London is set to be thrown into travel chaos once again as the RMT and TSSA unions prepare to launch a tube strike this evening.
The strike centres on plans to cut 800 jobs at London Underground stations, a move which the RMT claims will compromise safety.
Maintenance and engineering workers are due to begin a 24-hour strike at 17:00 today, whilst station and revenue staff, signallers, drivers and operational managers will begin their 24-hour strike at 21:00.
Boris Johnson, the Mayor of London, has said that Transport for London will "pull out all the stops" to provide alternative modes of transport to keep London moving for the duration of the strike.
Over 100 extra buses will be brought into service, while taxi ranks will be marshalled and escorted bike rides will be organised. In addition capacity for 10,000 extra river journeys will be provided for.
Bob Crow, General Secretary of the RMT union, said, "RMT and TSSA negotiators completely demolished the LU/TfL line that the cuts are simply about new technology and the Oyster Card. The planned cuts are part of a multi-billion black hole facing the Mayor due to the costs of the failure of tube privatisation and an attack on funding levels from the ConDem Government.
"Not only are ticket offices and ticket staff jobs threatened but hundreds of other station staff posts are also on the line. It was the presence of those very staff that averted potential disaster in recent incidents involving fires at Euston and Oxford Circus.

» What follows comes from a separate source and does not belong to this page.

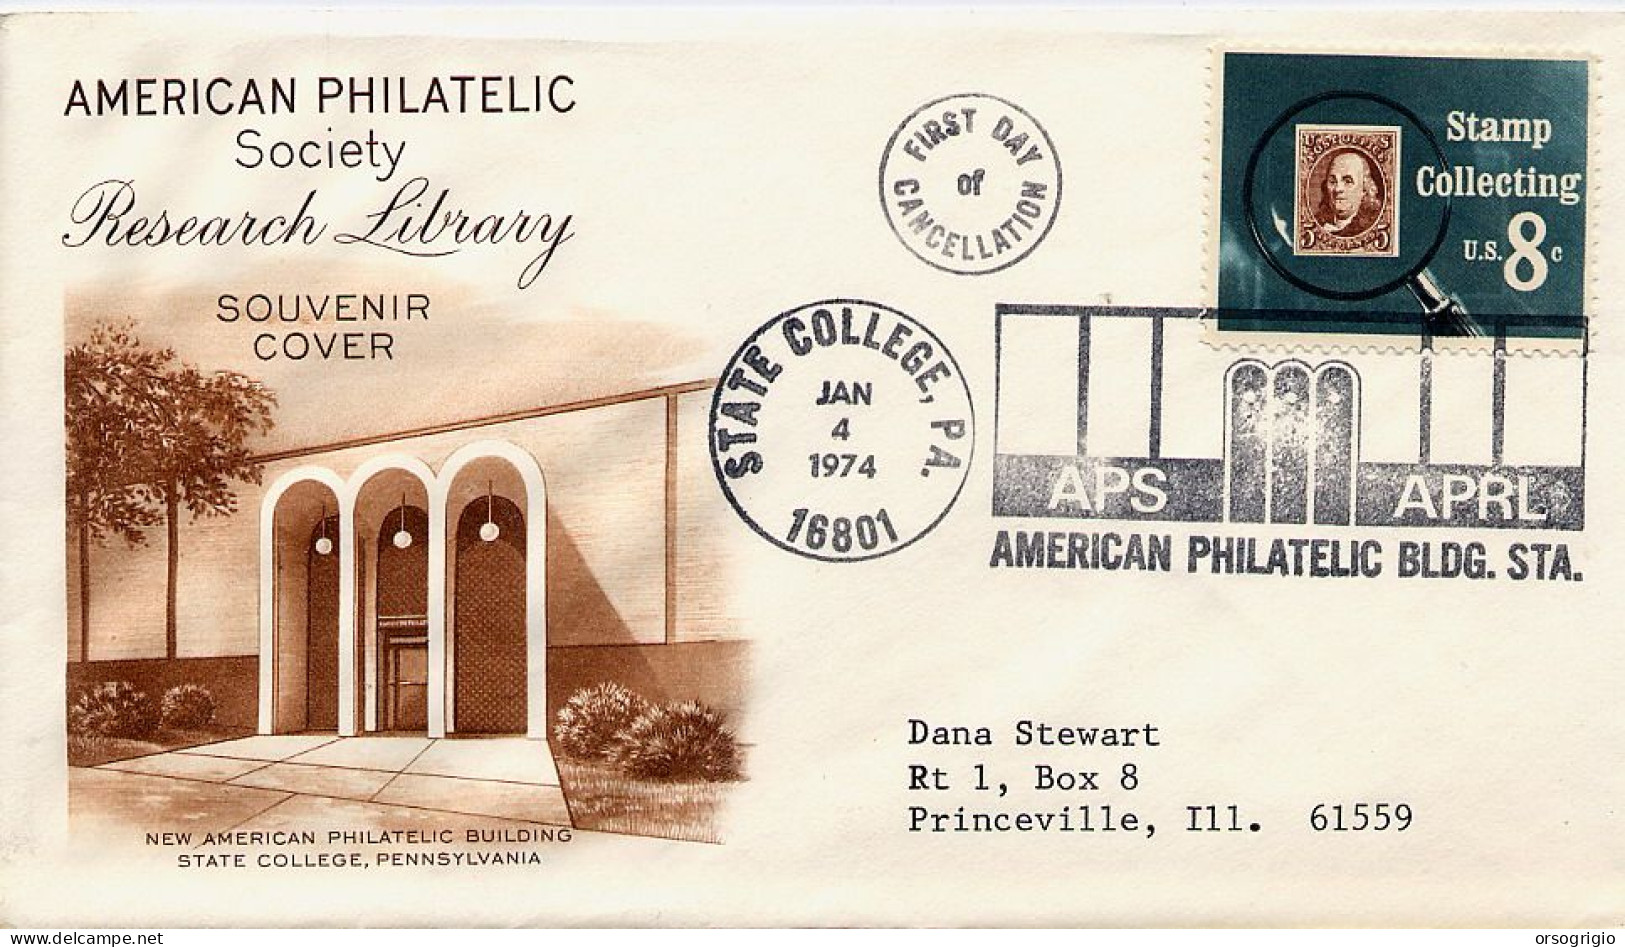 USA -  AMERICAN PHILATELIC SOCIETY BLDG - STATE COLLEGE, PA - First Day Cancellation  JAN 4 1974 - 1971-1980

"RMT and TSSA have been presented with a stark choice. We could sit back and wait for a major disaster while safety cuts are bulldozed through turning the tube into a death trap or we can stand up and fight for passenger and staff safety. On Monday we will be making a stand on safety and safe staffing levels on behalf of all Londoners."
Peter Hendy, Transport Commissioner at TfL, said, "We regret that Londoners will be disrupted if the strike goes ahead, however the RMT and TSSA leadership will not stop London Underground from moving with the times. Due to the success of Oyster just one journey in twenty now involves a ticket office, and some ticket offices sell fewer than ten tickets an hour. The Mayor and TfL have prepared plans to keep London moving and thousands of TfL staff will be on hand across the city help our passengers.